§ **ACTIVITY**
Everything in the listing below should be repeated exactly, apart from the pictures.

§ **INFORMATION SUPPLIED**

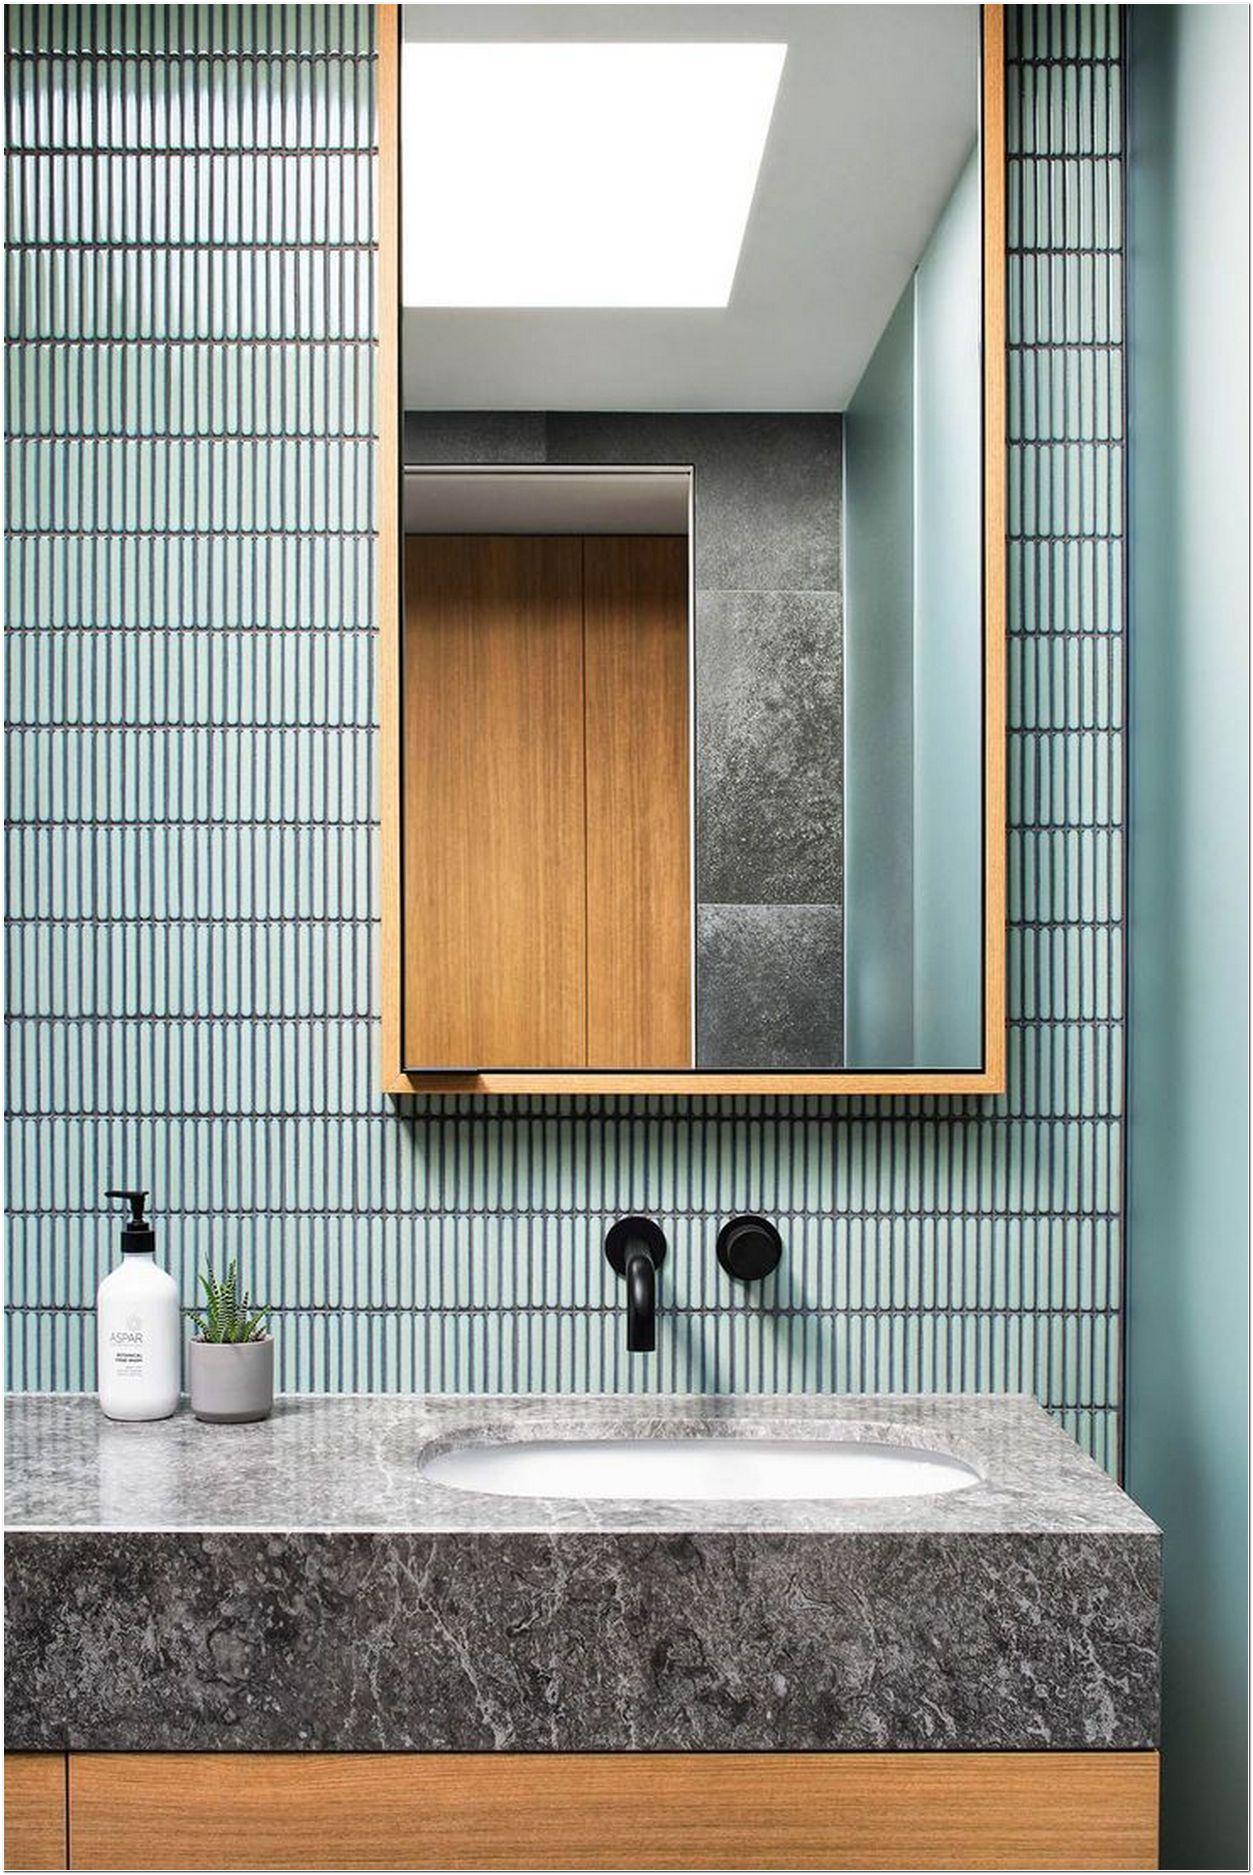 77 Art Deco Bathroom Design Ideas The New Way Of Colouring The Bathroom Myhomeorganic
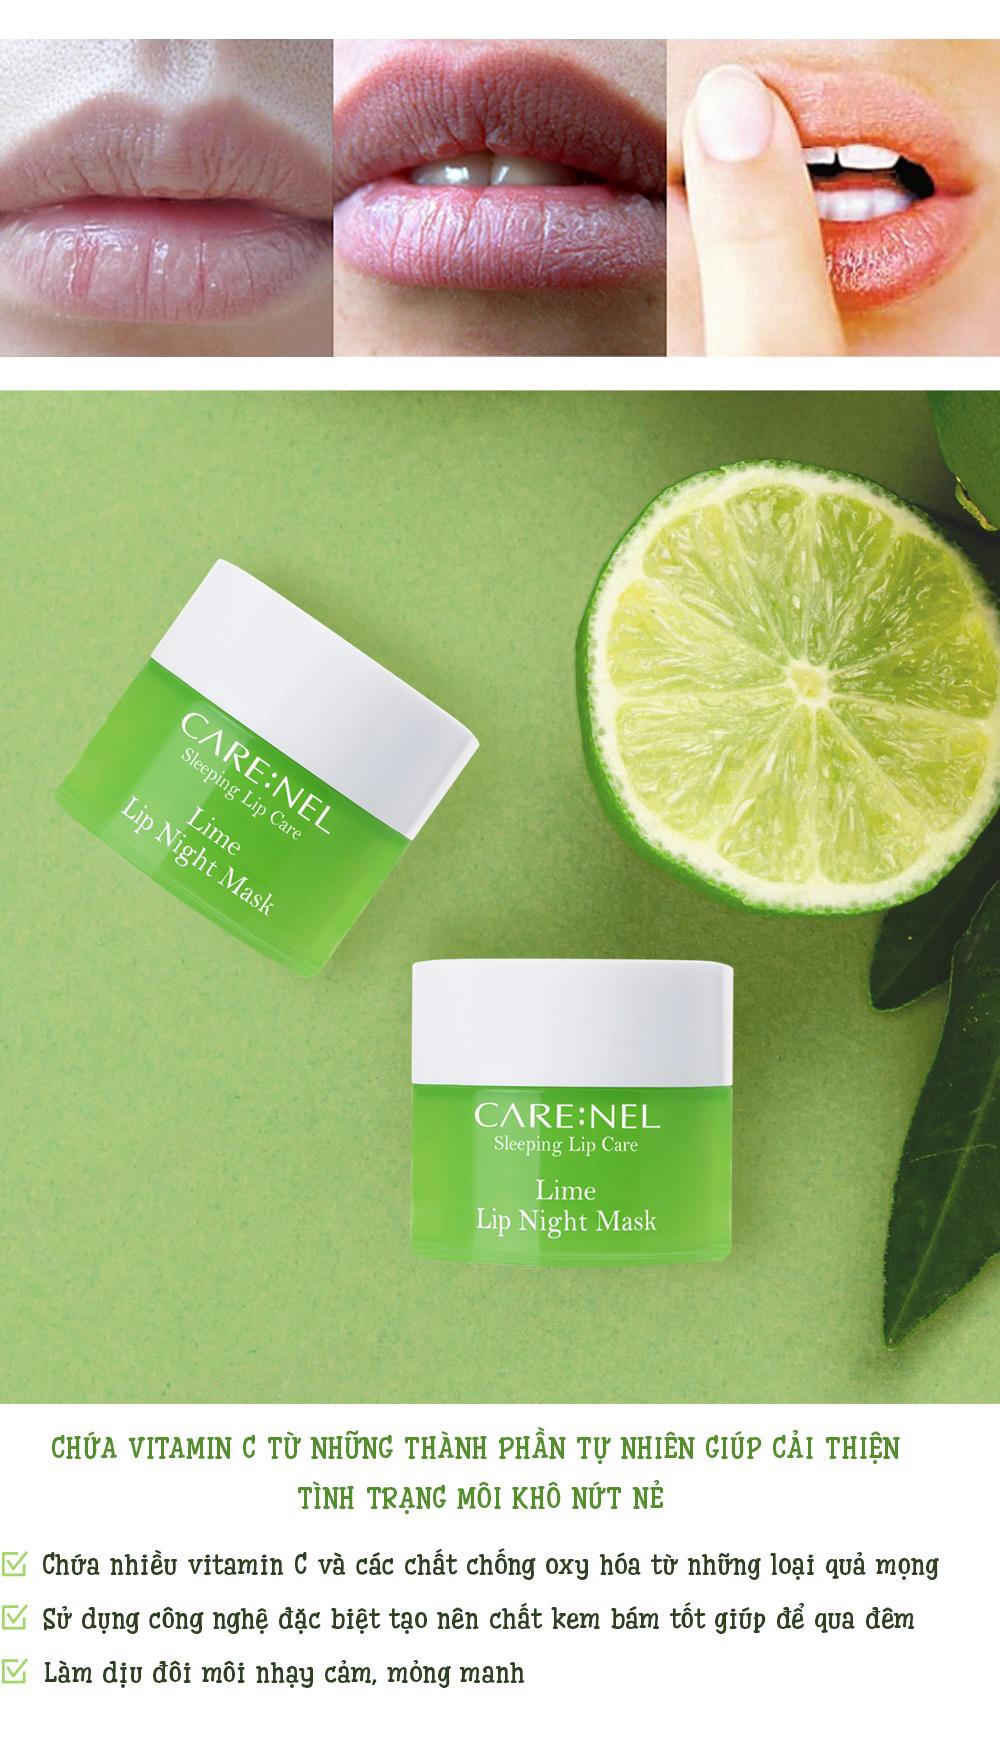 Mat Na Ngu Carenel Lime Lip Night Mask (11)
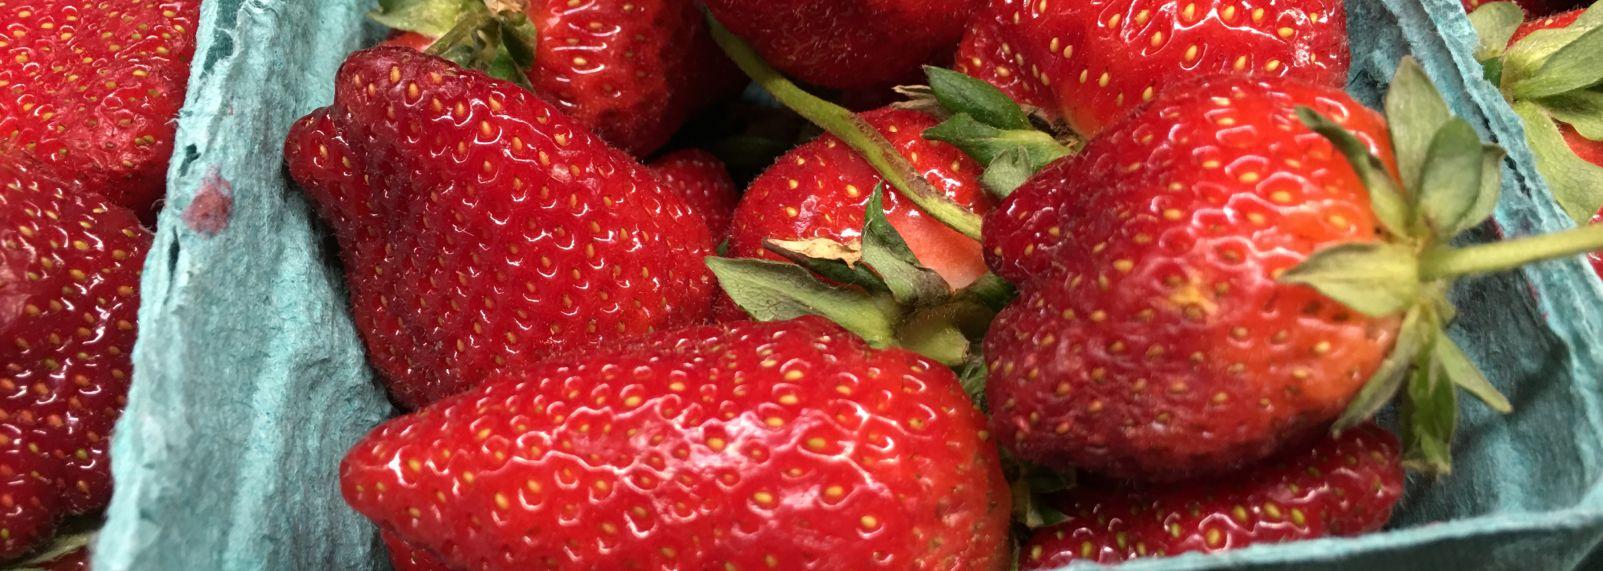 Standard Foods/fresh strawberries
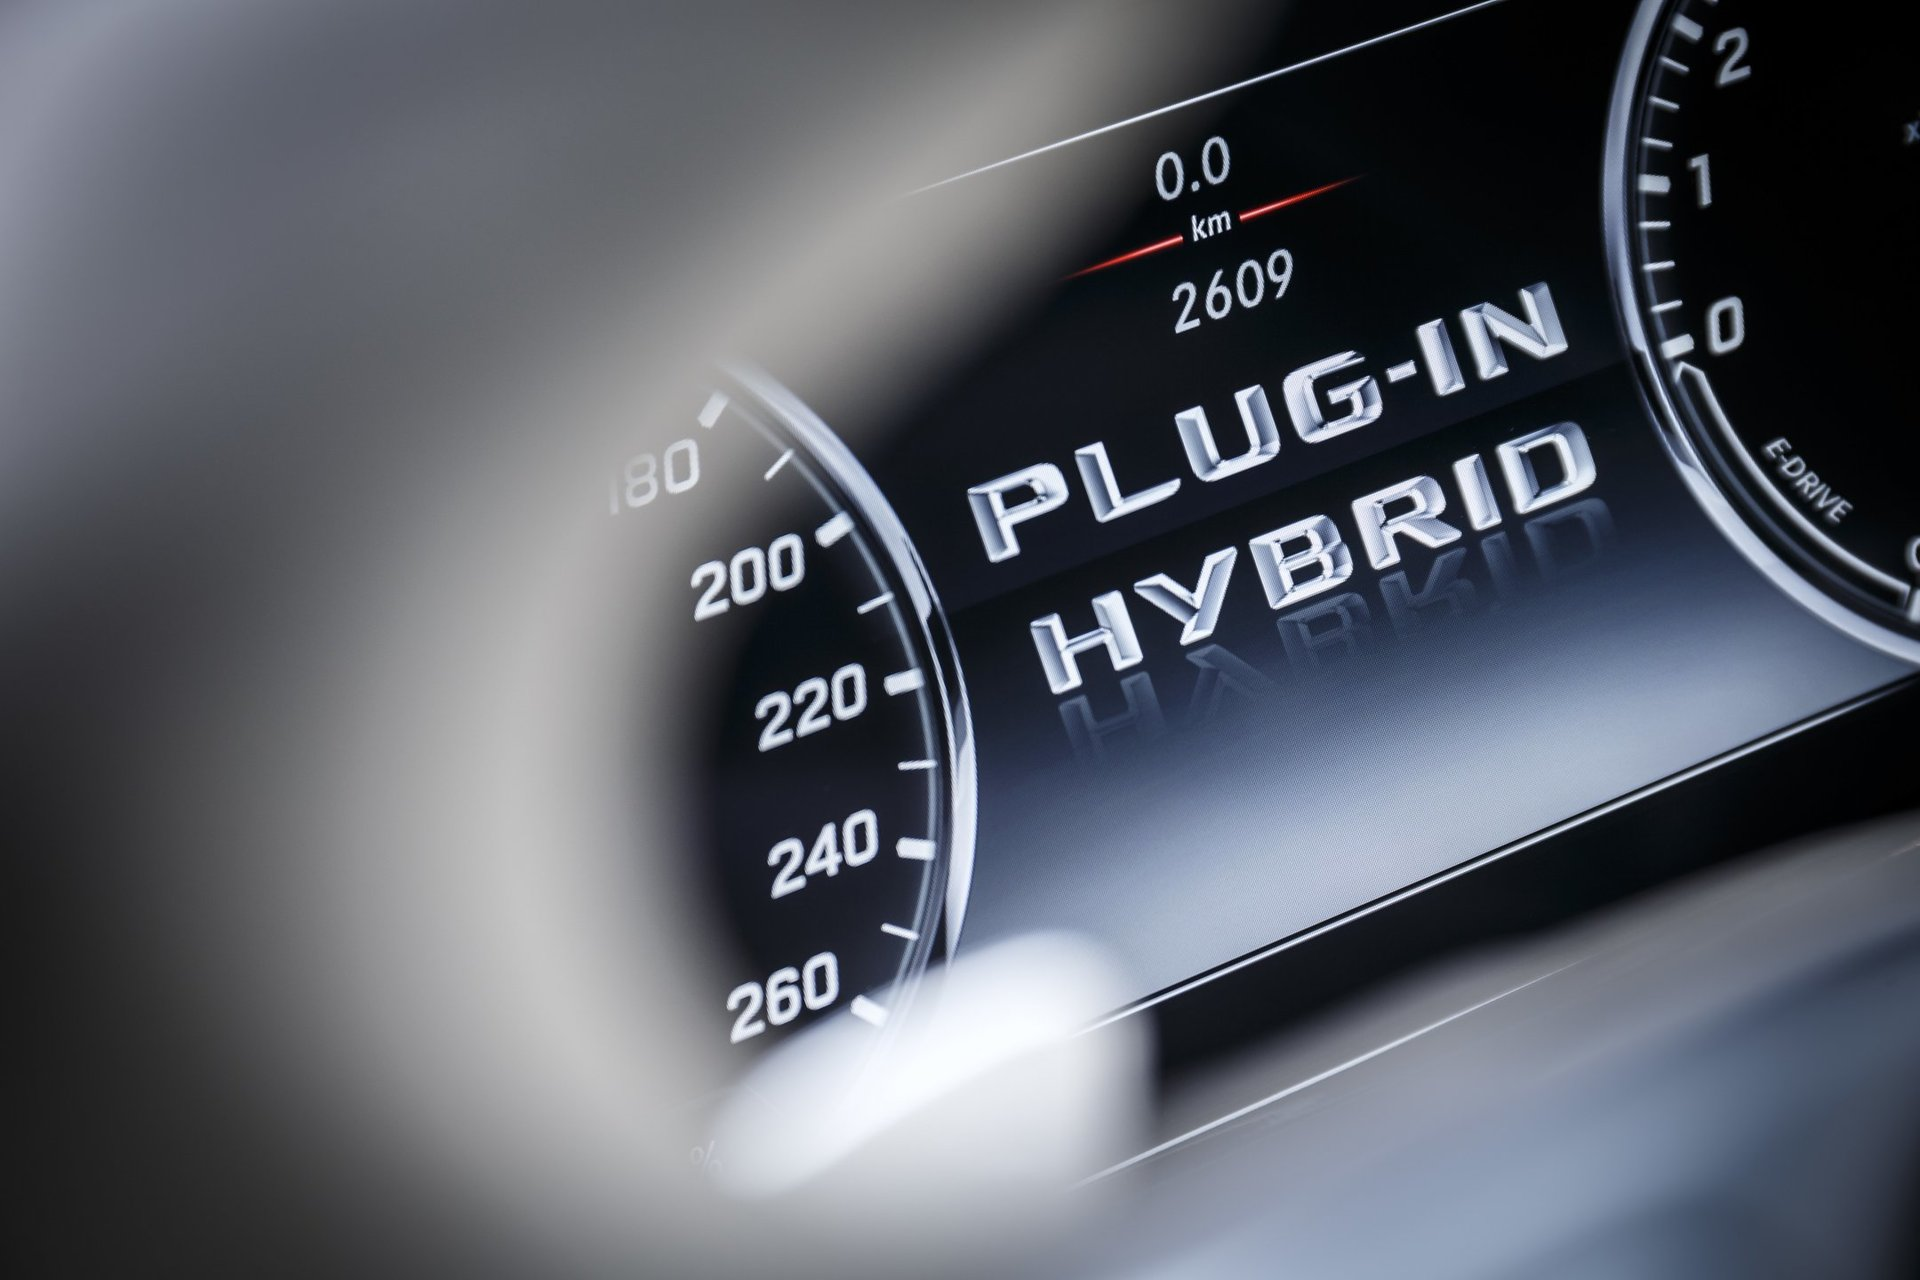 Mercedes-Benz S 500 Plug-in Hybrid (2014)

§ **EXERCISE RESULT**
 77 Art Deco Bathroom Design Ideas The New Way Of Colouring The Bathroom Myhomeorganic
 Mat Na Ngu Carenel Lime Lip Night Mask (11)
 Standard Foods/fresh strawberries
 Mercedes-Benz S 500 Plug-in Hybrid (2014)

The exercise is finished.